Assignment
Leave out the pictures and reproduce all of the data exactly.

Data extract
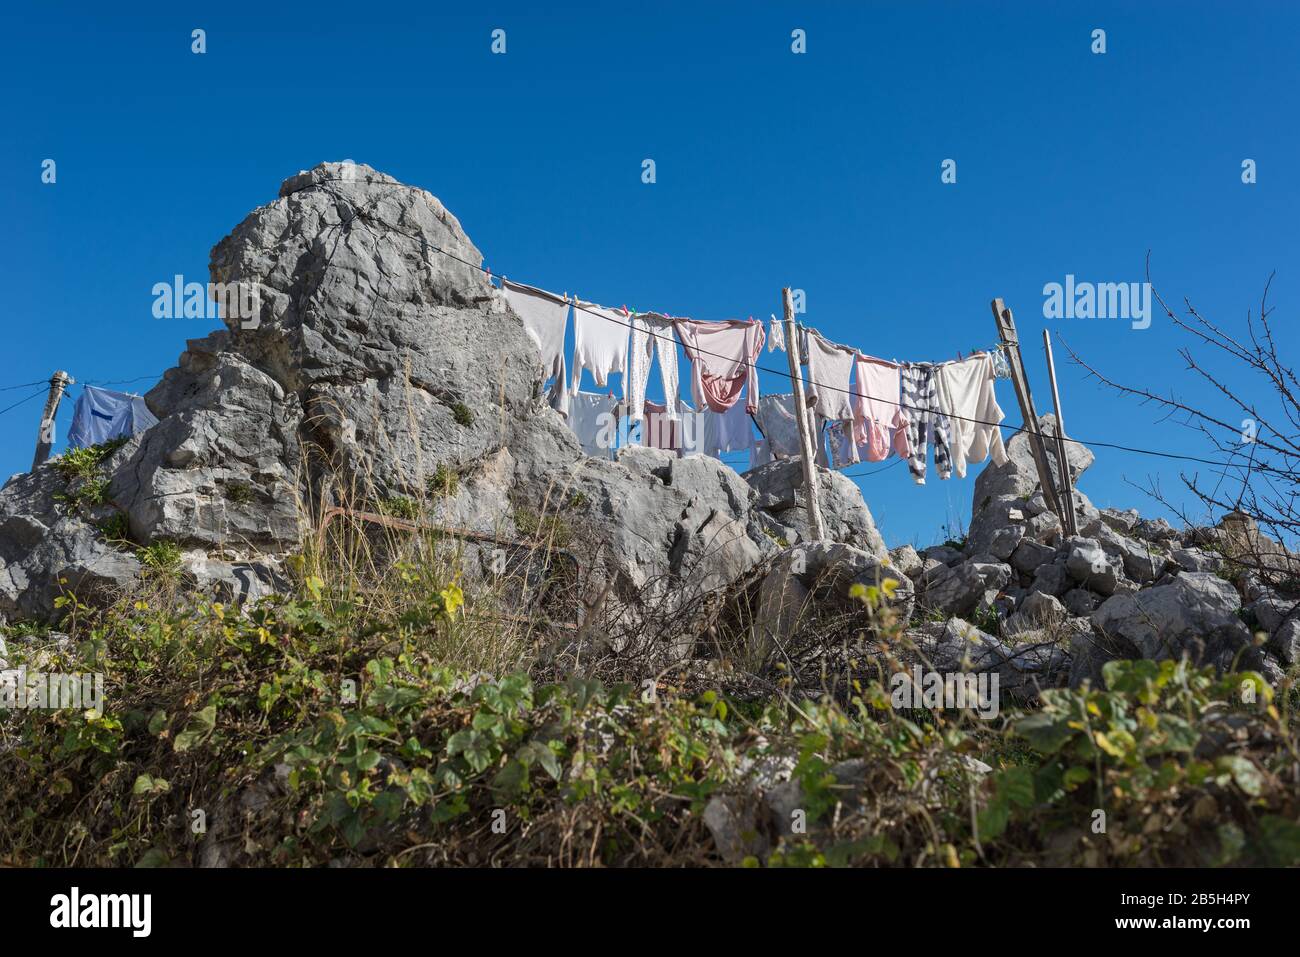 Clothes hanging on to dry on a clothesline built on a rock in a rural town in southern Spain. Stock Photo
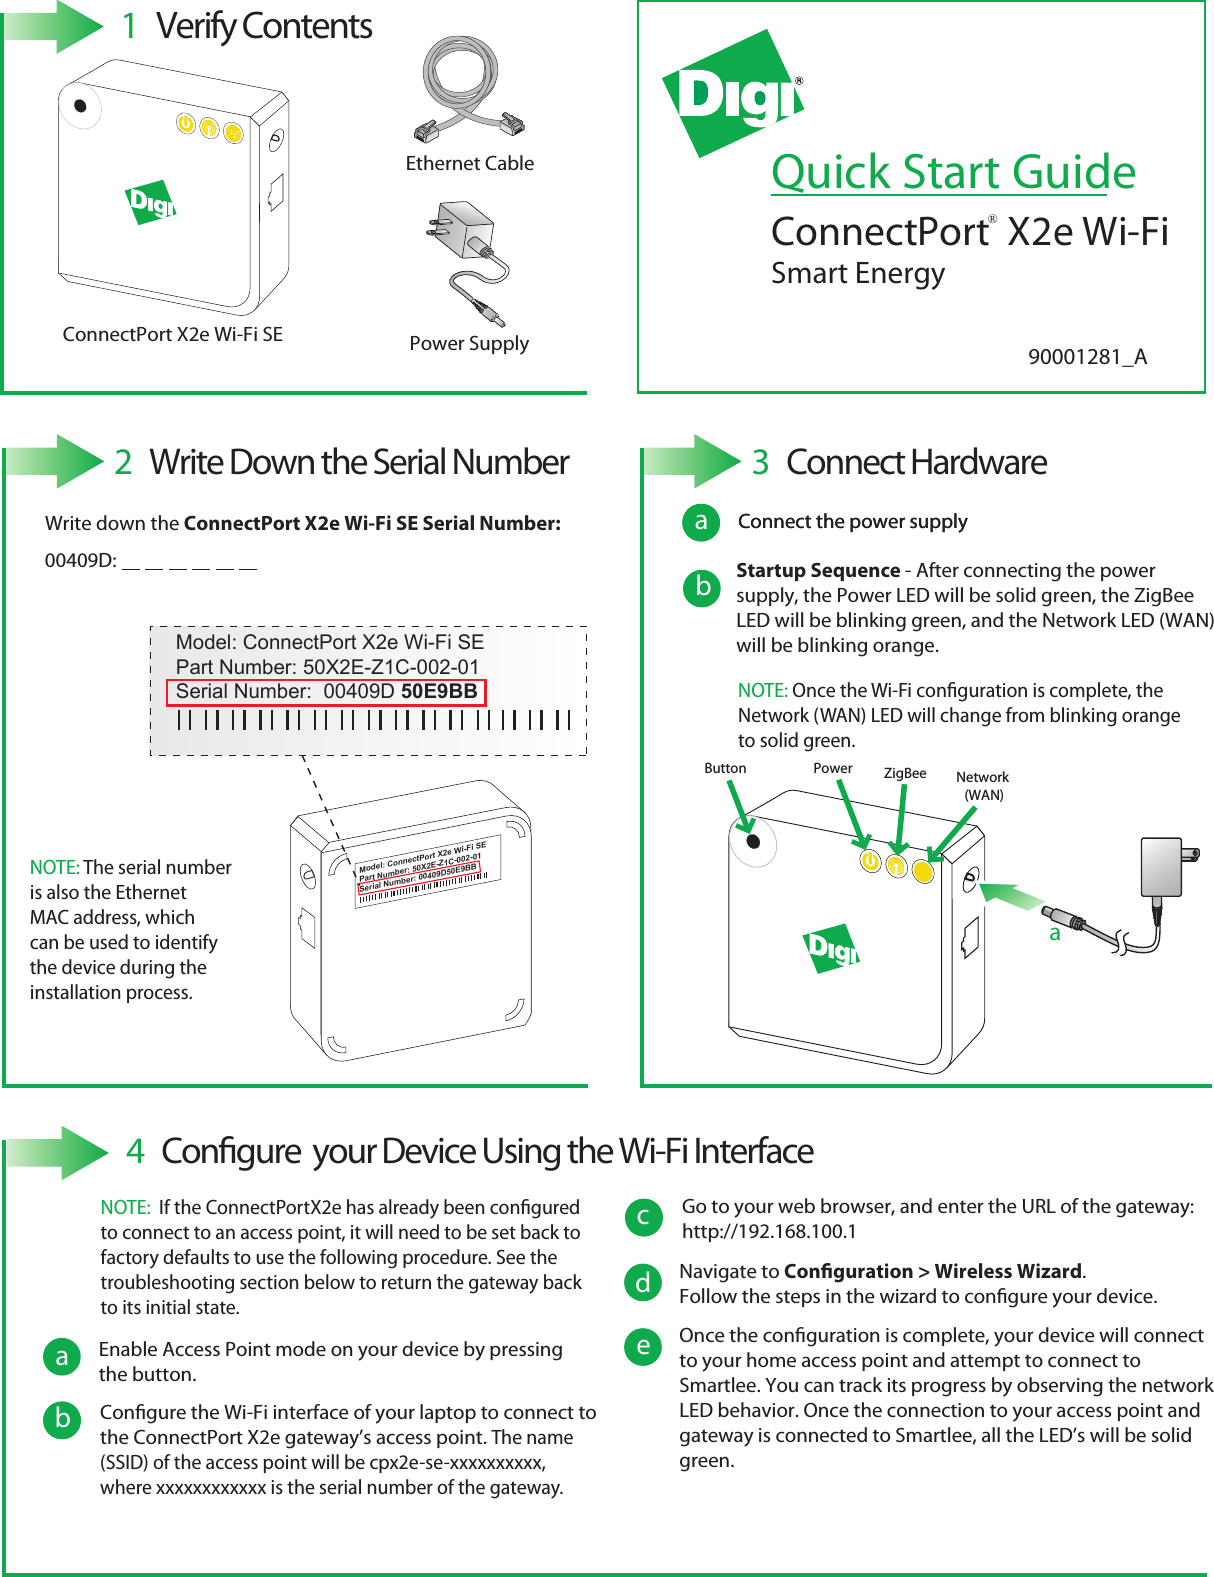 Quick Start GuideConnectPort  X2e Wi-Fi Smart EnergyPower SupplyEthernet CableConnectPort X2e Wi-Fi SE 1  Verify Contents2  Write Down the Serial Number®Model: ConnectPort X2e Wi-Fi SEPart Number: 50X2E-Z1C-002-01Serial Number: 00409D50E9BBModel: ConnectPort X2e Wi-Fi SEPart Number: 50X2E-Z1C-002-01Serial Number:  00409D 50E9BB3  Connect HardwarePower  ZigBee Network (WAN)Button aConnect the power supplyWrite down the ConnectPort X2e Wi-Fi SE Serial Number:00409D:  NOTE: The serial number is also the Ethernet MAC address, which can be used to identify the device during theinstallation process.baConnect the power supplyStartup Sequence - After connecting the power supply, the Power LED will be solid green, the ZigBee LED will be blinking green, and the Network LED (WAN) will be blinking orange.NOTE: Once the Wi-Fi conguration is complete, the Network (WAN) LED will change from blinking orange to solid green.a4  Congure  your Device Using the Wi-Fi InterfaceacEnable Access Point mode on your device by pressing the button.bdCongure the Wi-Fi interface of your laptop to connect to the ConnectPort X2e gateway’s access point. The name (SSID) of the access point will be cpx2e-se-xxxxxxxxxx, where xxxxxxxxxxxx is the serial number of the gateway.cc Go to your web browser, and enter the URL of the gateway: http://192.168.100.1NOTE:  If the ConnectPortX2e has already been congured to connect to an access point, it will need to be set back to factory defaults to use the following procedure. See the troubleshooting section below to return the gateway back to its initial state. Navigate to Conguration &gt; Wireless Wizard.Follow the steps in the wizard to congure your device.eOnce the conguration is complete, your device will connect to your home access point and attempt to connect to Smartlee. You can track its progress by observing the network LED behavior. Once the connection to your access point and gateway is connected to Smartlee, all the LED’s will be solid green.90001281_A
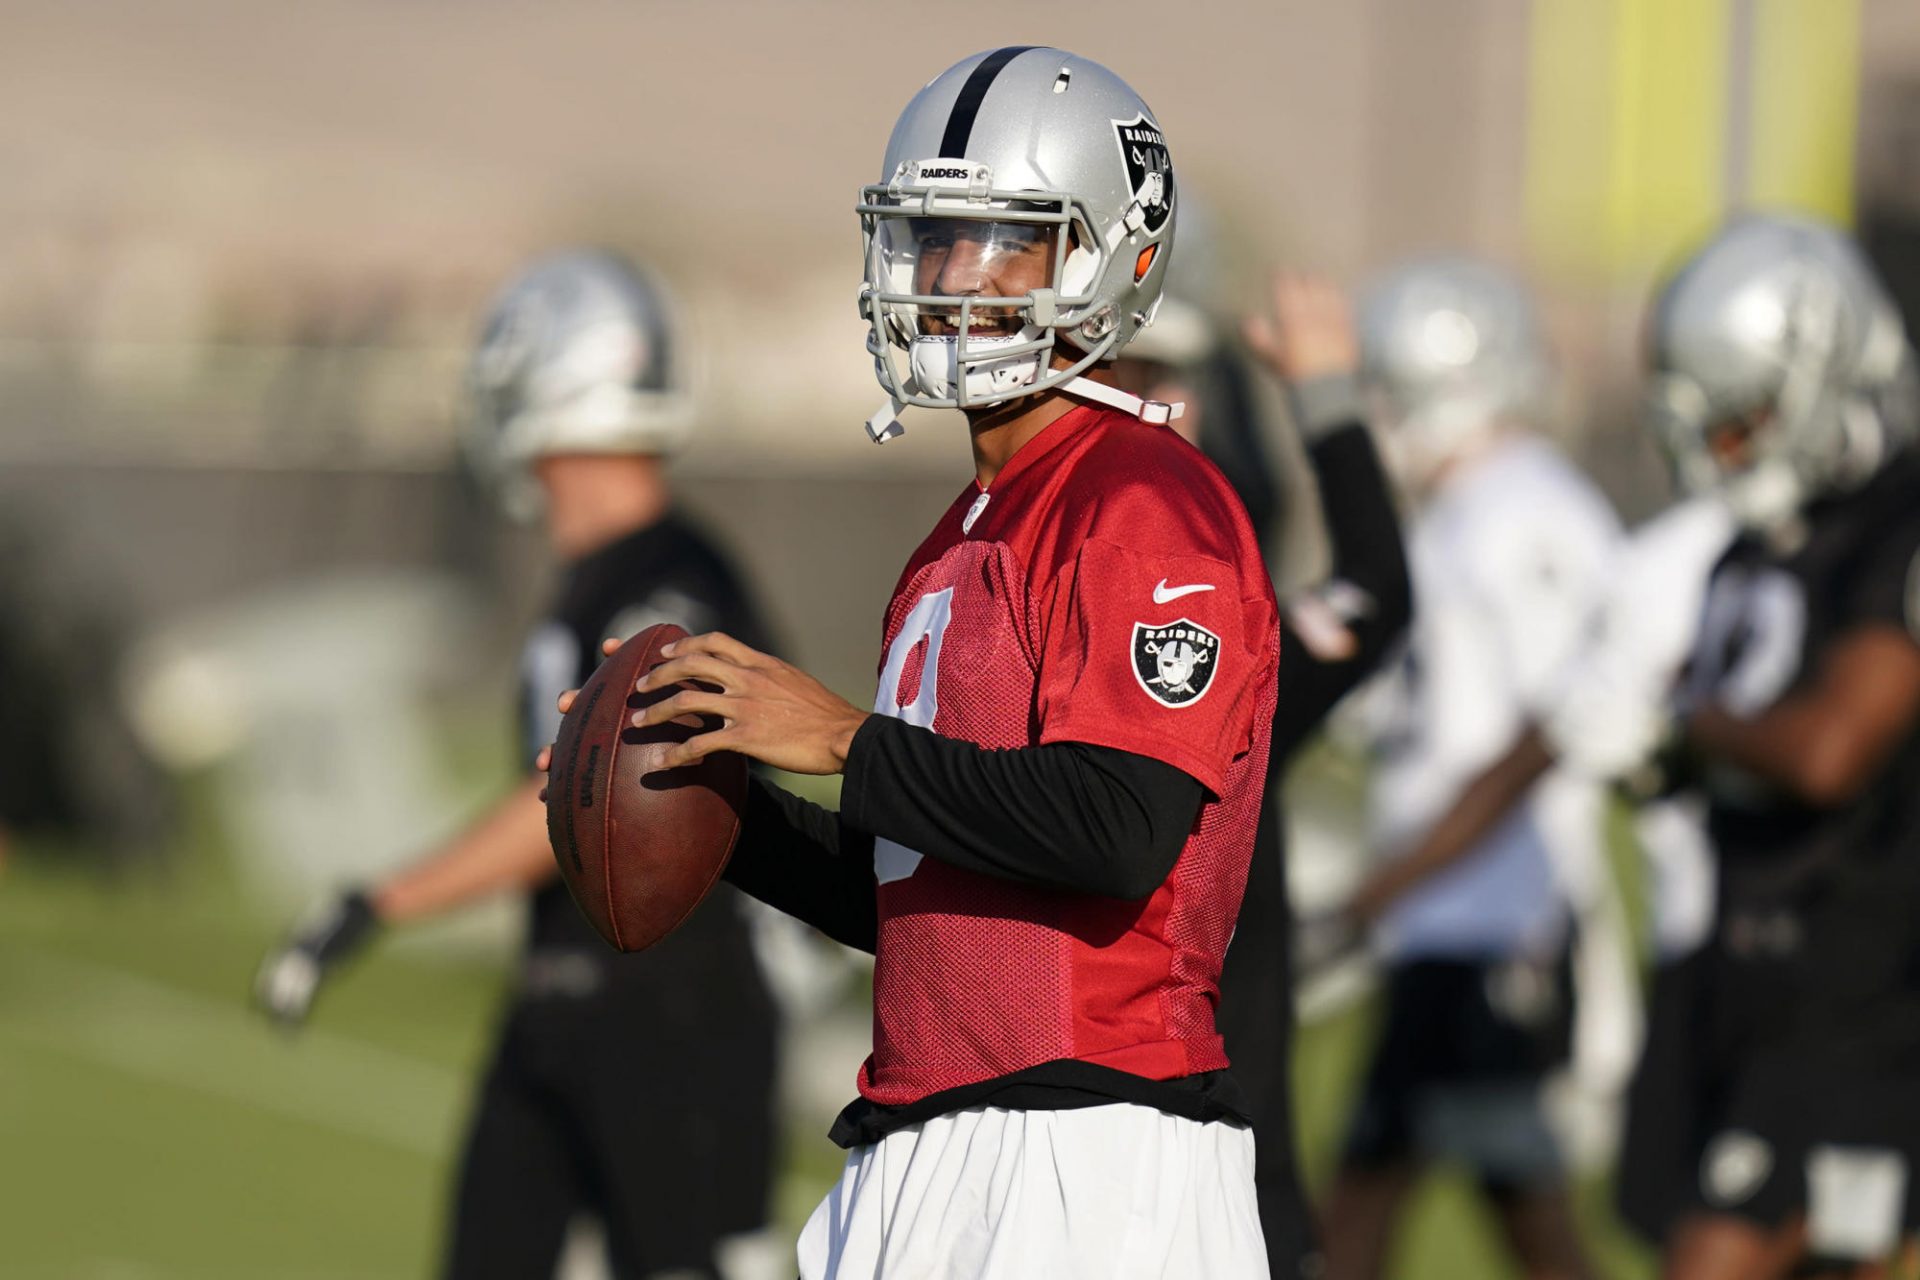 Two interceptions by Raiders LB Nick Kwiatkoski upends ‘hell of a camp’ by Marcus Mariota

Task response
 Clothes hanging on to dry on a clothesline built on a rock in a rural town in southern Spain. Stock Photo
 Quick Start GuideConnectPort  X2e Wi-Fi Smart EnergyPower SupplyEthernet CableConnectPort X2e Wi-Fi SE 1  Verify Contents2  Write Down the Serial Number®Model: ConnectPort X2e Wi-Fi SEPart Number: 50X2E-Z1C-002-01Serial Number: 00409D50E9BBModel: ConnectPort X2e Wi-Fi SEPart Number: 50X2E-Z1C-002-01Serial Number:  00409D 50E9BB3  Connect HardwarePower  ZigBee Network (WAN)Button aConnect the power supplyWrite down the ConnectPort X2e Wi-Fi SE Serial Number:00409D:  NOTE: The serial number is also the Ethernet MAC address, which can be used to identify the device during theinstallation process.baConnect the power supplyStartup Sequence - After connecting the power supply, the Power LED will be solid green, the ZigBee LED will be blinking green, and the Network LED (WAN) will be blinking orange.NOTE: Once the Wi-Fi conguration is complete, the Network (WAN) LED will change from blinking orange to solid green.a4  Congure  your Device Using the Wi-Fi InterfaceacEnable Access Point mode on your device by pressing the button.bdCongure the Wi-Fi interface of your laptop to connect to the ConnectPort X2e gateway’s access point. The name (SSID) of the access point will be cpx2e-se-xxxxxxxxxx, where xxxxxxxxxxxx is the serial number of the gateway.cc Go to your web browser, and enter the URL of the gateway: http://192.168.100.1NOTE:  If the ConnectPortX2e has already been congured to connect to an access point, it will need to be set back to factory defaults to use the following procedure. See the troubleshooting section below to return the gateway back to its initial state. Navigate to Conguration &gt; Wireless Wizard.Follow the steps in the wizard to congure your device.eOnce the conguration is complete, your device will connect to your home access point and attempt to connect to Smartlee. You can track its progress by observing the network LED behavior. Once the connection to your access point and gateway is connected to Smartlee, all the LED’s will be solid green.90001281_A
 Two interceptions by Raiders LB Nick Kwiatkoski upends ‘hell of a camp’ by Marcus Mariota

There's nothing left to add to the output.